Wednesday, Jan. 02, 2002

Last month, in United States v. Knights, the Supreme Court held that a police officer may search a probationer's home on the basis of reasonable suspicion. This will not sound to most ears like a radical decision, and in nearly all respects it isn't. Moreover, the probationer in the case, Mark James Knights, who apparently kept materials for explosives in his home, was hardly a sympathetic character.

Within its opinion, however, the Court did make one argument the implications of which could be quite significant. If taken to its logical conclusion, the argument could authorize far-reaching invasions of privacy that would affect law-abiding citizens, not just convicts on probation.

The Facts of United States v. Knights

Knights's California drug conviction led to a sentence of probation.
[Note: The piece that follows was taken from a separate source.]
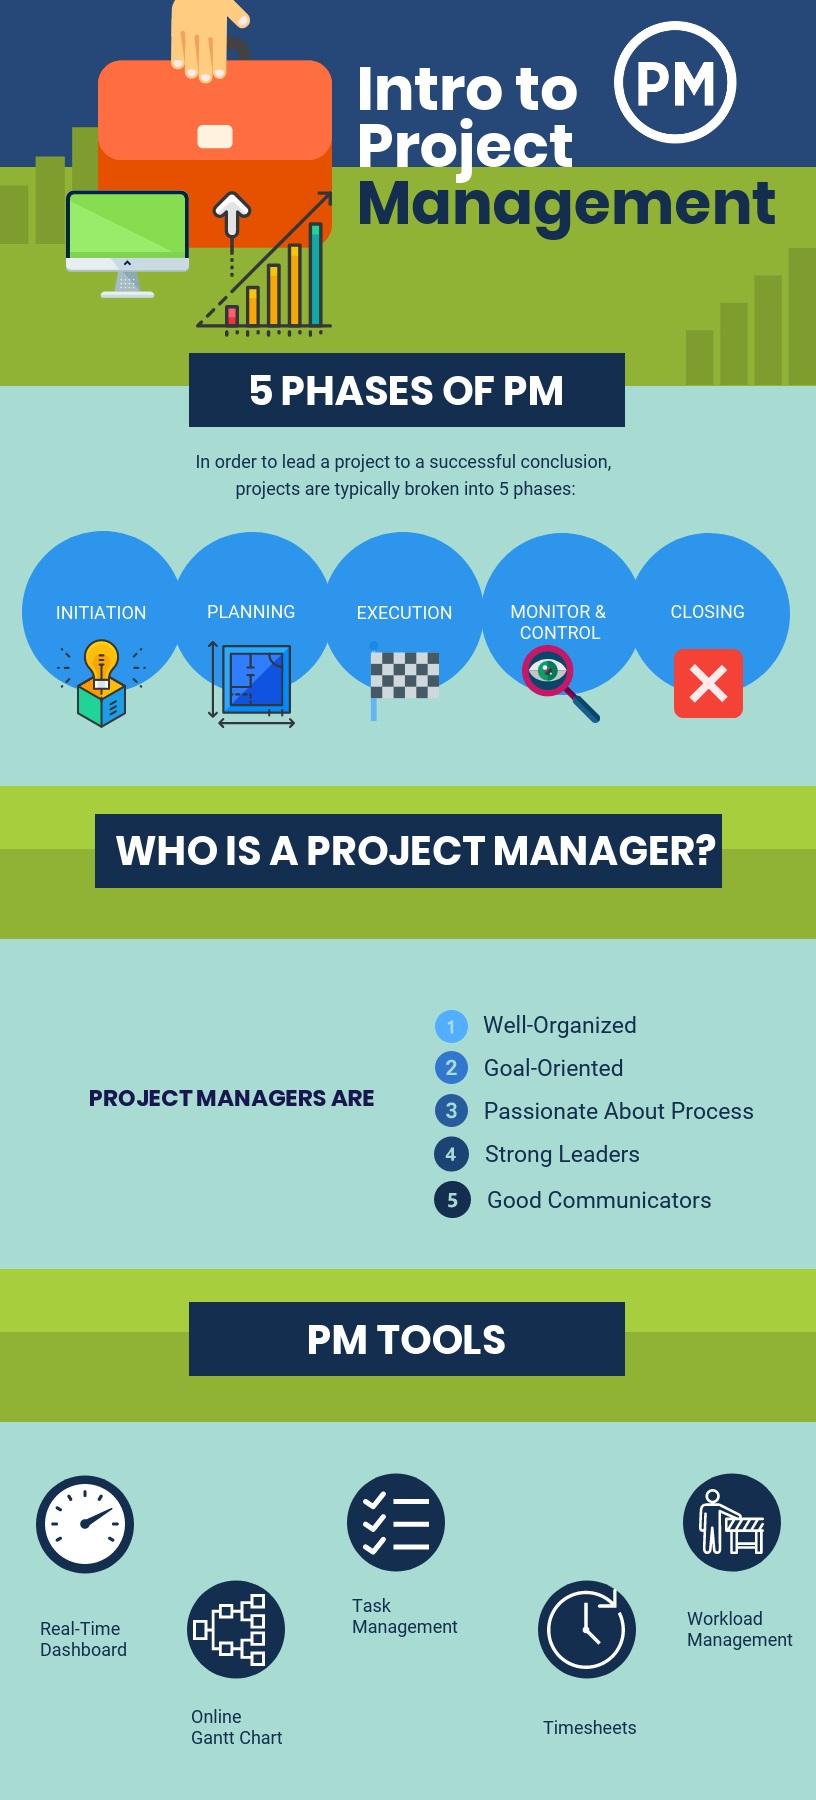 project management 101 presentation
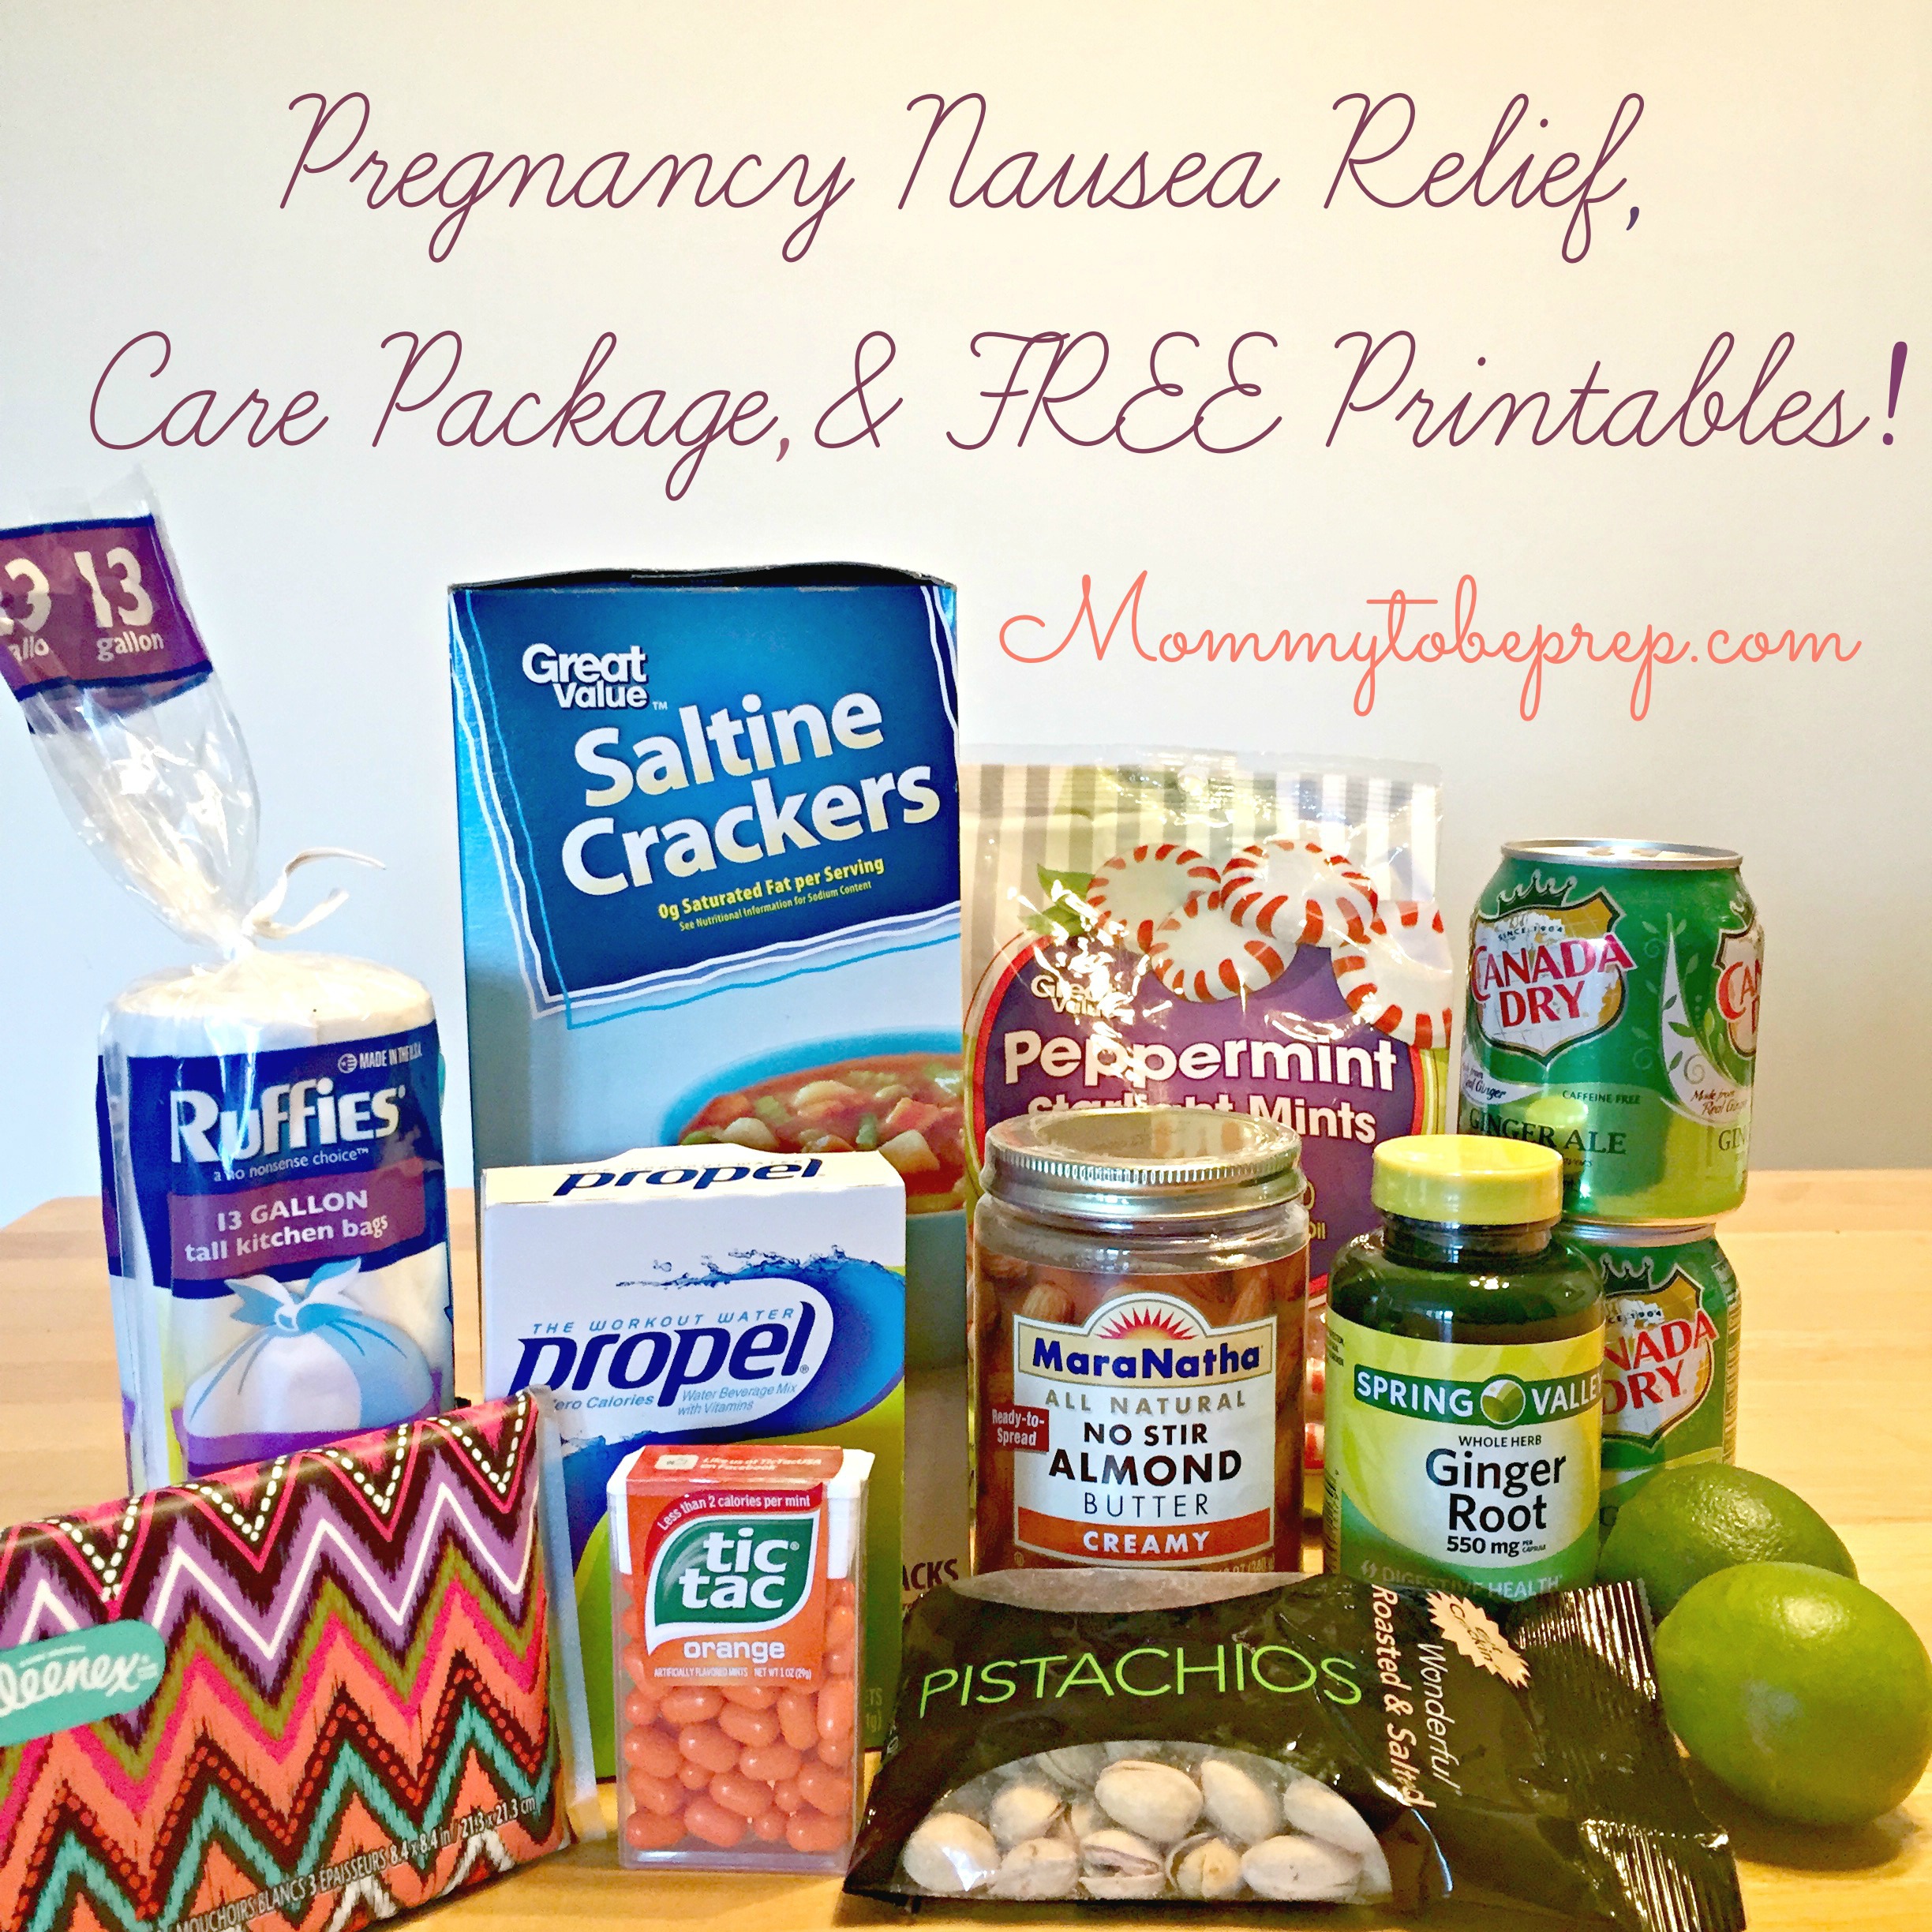 Pregnancy Nausea Relief, Care Package, & Free Printables

The probation order, which Knights signed, required him to "[s]ubmit his person, property, place of residence, vehicle, personal effects, to search at anytime, with or without a search warrant, warrant of arrest or reasonable cause by any probation officer or law enforcement officer." In short, it allowed a search to be conducted without any cause whatsoever.

Nevertheless, when a detective looked through Knights's home, he did, in fact, have reasonable suspicion to believe that Knights had engaged in several crimes, including arson. The detective's search then revealed -- among other things -- a detonation cord, ammunition, liquid chemicals, and instruction manuals on chemistry and electrical circuitry.

The question presented to the Supreme Court was whether the search of Knights violated the Fourth Amendment. If it did, then none of the evidence would be admissible at the respondent's criminal trial. In a unanimous ruling, the Court held that it did not.

Knights's Holding: Probationers' Diminished Privacy Expectations

The idea that probationers have a reduced constitutional expectation of privacy relative to the rest of the population is not an innovation of the 2001 term. In 1987, the Court in Griffin v. Wisconsin upheld a regulation that allowed probation officers to search probationers based on "reasonable grounds" to believe contraband is present.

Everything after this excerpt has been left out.